Perpetual licence revenue decreased in the three months ended Dec. 31, 2018, compared with the same period of the previous fiscal year, due to lower perpetual sales in South America and the Eastern hemisphere, partially offset by higher sales in the United States. Perpetual licence revenue remained flat for the nine months ended Dec. 31, 2018, compared with the same period of the previous fiscal year, as higher sales in Canada and the United States were offset by lower sales in South America and the Eastern hemisphere. Software licensing under perpetual sales may fluctuate significantly between periods due to the uncertainty associated with the timing and the location where sales are generated. For this reason, even though the company expects to achieve a certain level of aggregate perpetual sales on an annual basis, the company expects to observe fluctuations in the quarterly perpetual revenue amounts throughout the fiscal year.

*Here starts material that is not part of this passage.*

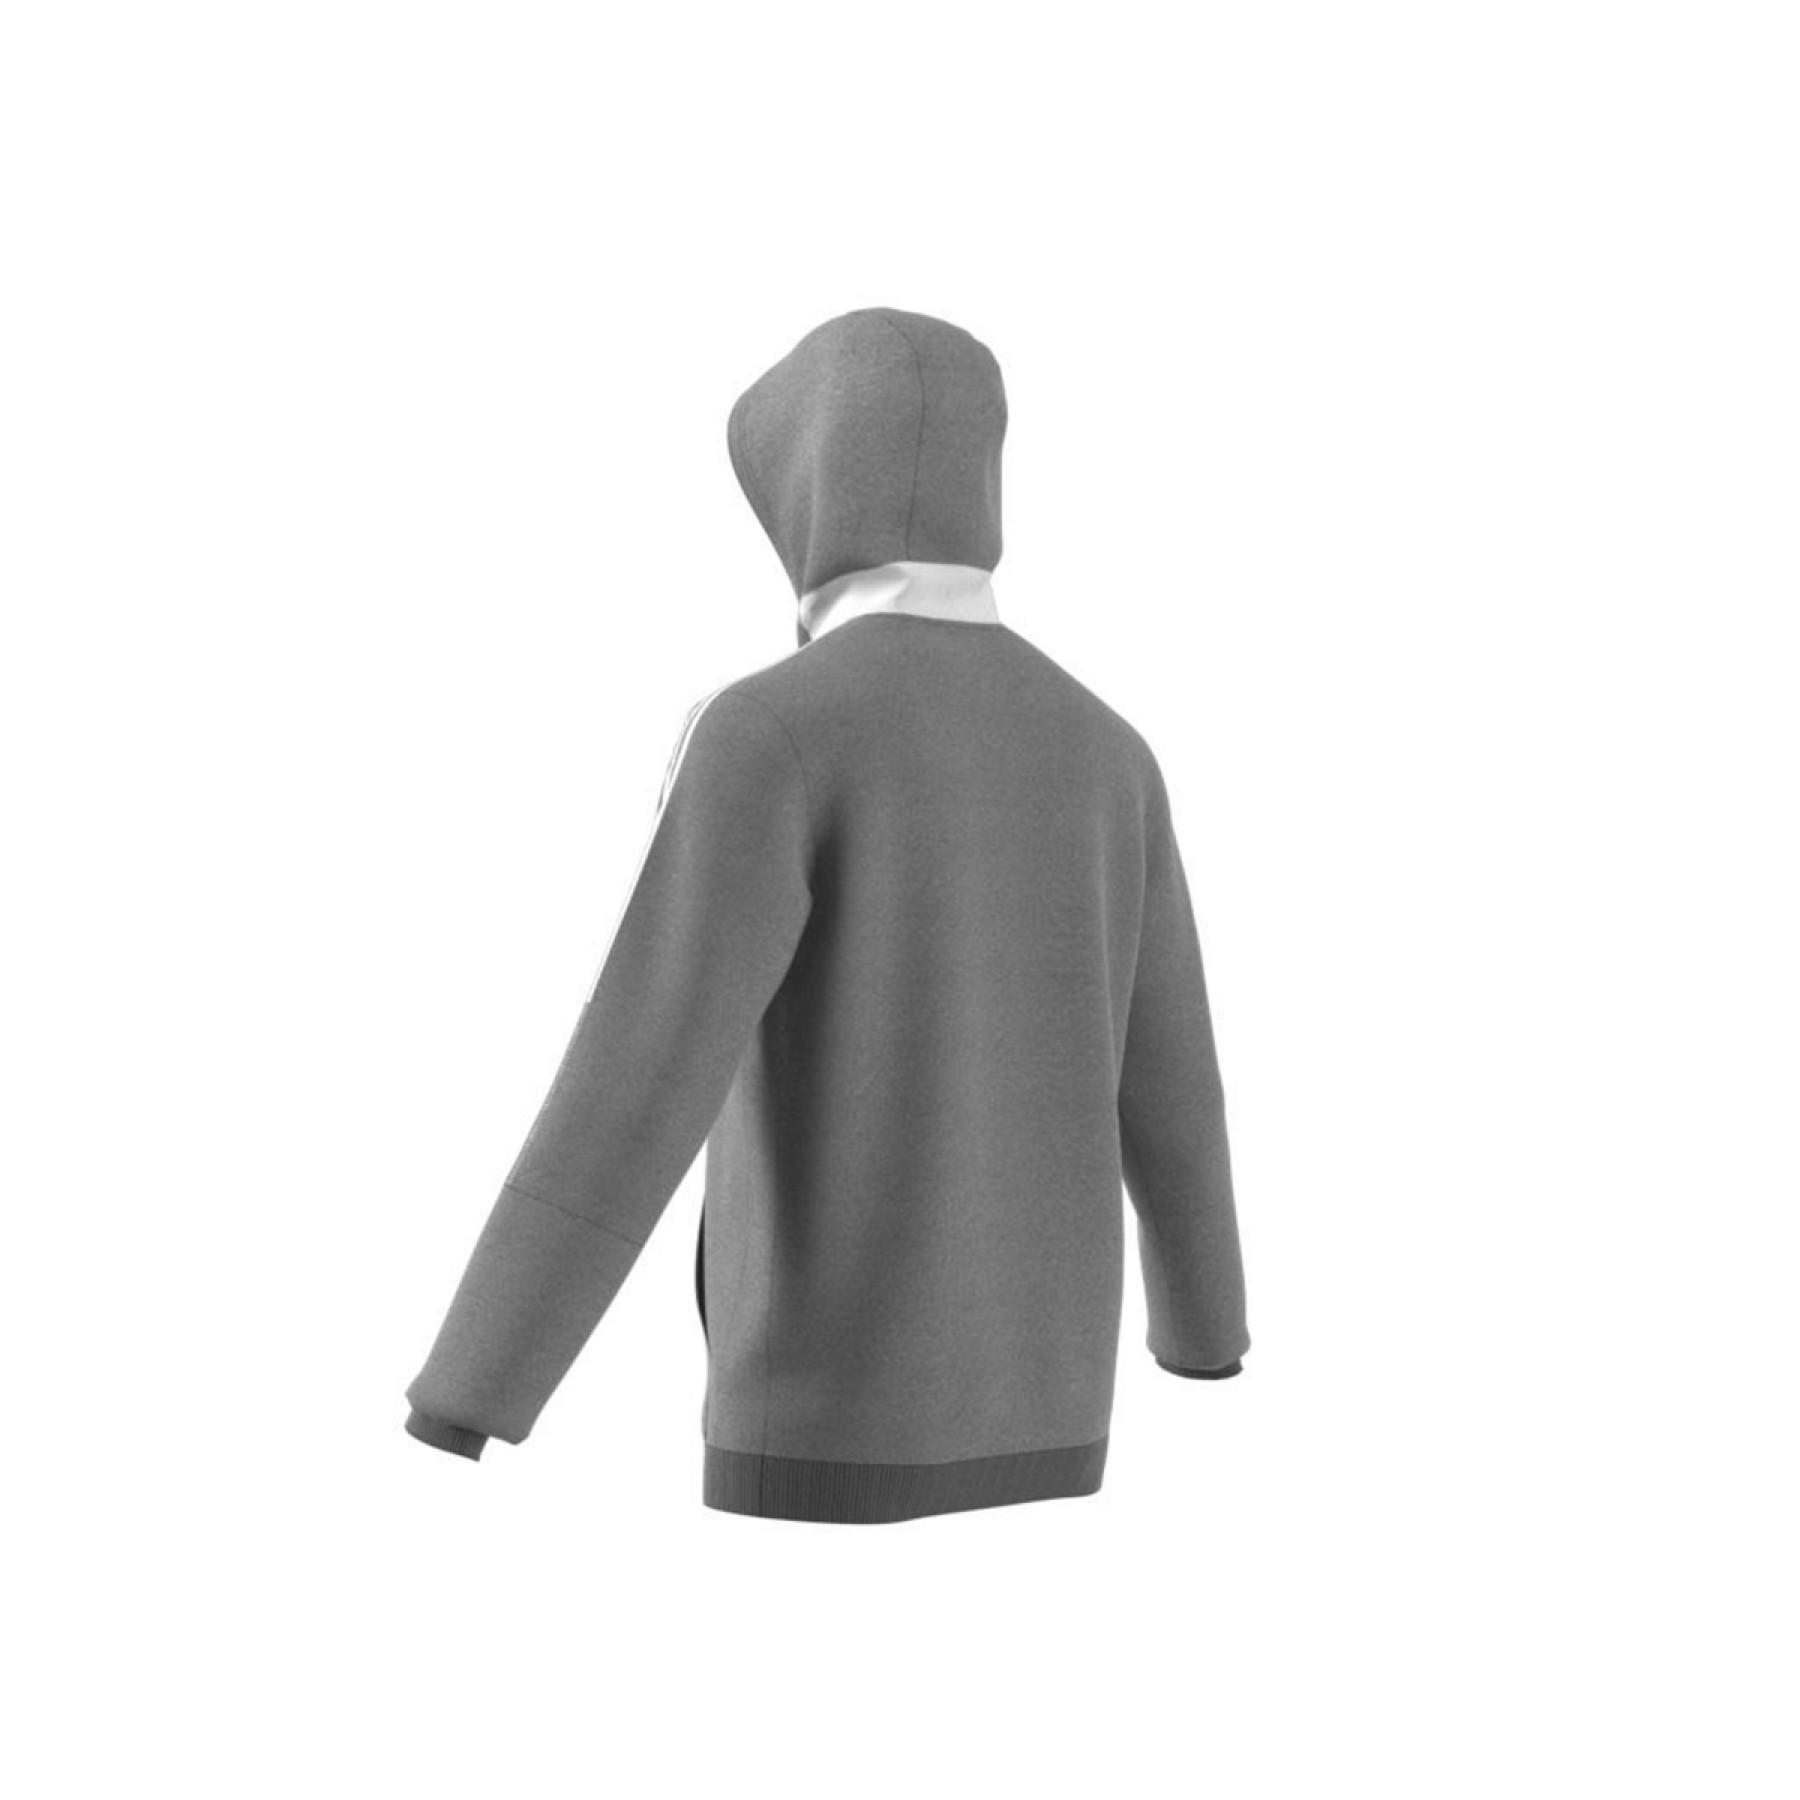 Hooded sweatshirt adidas Tiro 21 Sweatshirt

Software revenue by geographic segment

During the three months ended Dec. 31, 2018, as compared with the same period of the previous fiscal year, all regions except for Canada experienced increases in total software licence revenue.

During the nine months ended Dec. 31, 2018, as compared with the same period of the previous fiscal year, the United States experienced an increase in total software licence revenue and the other three regions experienced decreases.

The Canadian market (representing 24 per cent of year-to-date software licence revenue) experienced 14-per-cent and 12-per-cent decreases in annuity/maintenance licence revenue during the three and nine months ended Dec. 31, 2018, respectively, compared with the same periods of the previous fiscal year, due to a reduction in licensing by some customers. Perpetual revenue increased during the nine months ended Dec. 31, 2018, as there were no perpetual sales recognized in the comparative period.

The U.S. market (representing 29 per cent of year-to-date software licence revenue) experienced a 2-per-cent decrease in annuity/maintenance licence revenue during the three months ended Dec. 31, 2018, and remained flat during the nine months ended Dec. 31, 2018, compared with the same periods of the previous fiscal year. Revenue in the United States was negatively impacted by IFRS 15 adoption, which offset increases from licensing by new and existing customers involved in unconventional shale and tight hydrocarbon recovery processes. Perpetual sales during the three and nine months ended Dec. 31, 2018, were higher than in the comparative periods.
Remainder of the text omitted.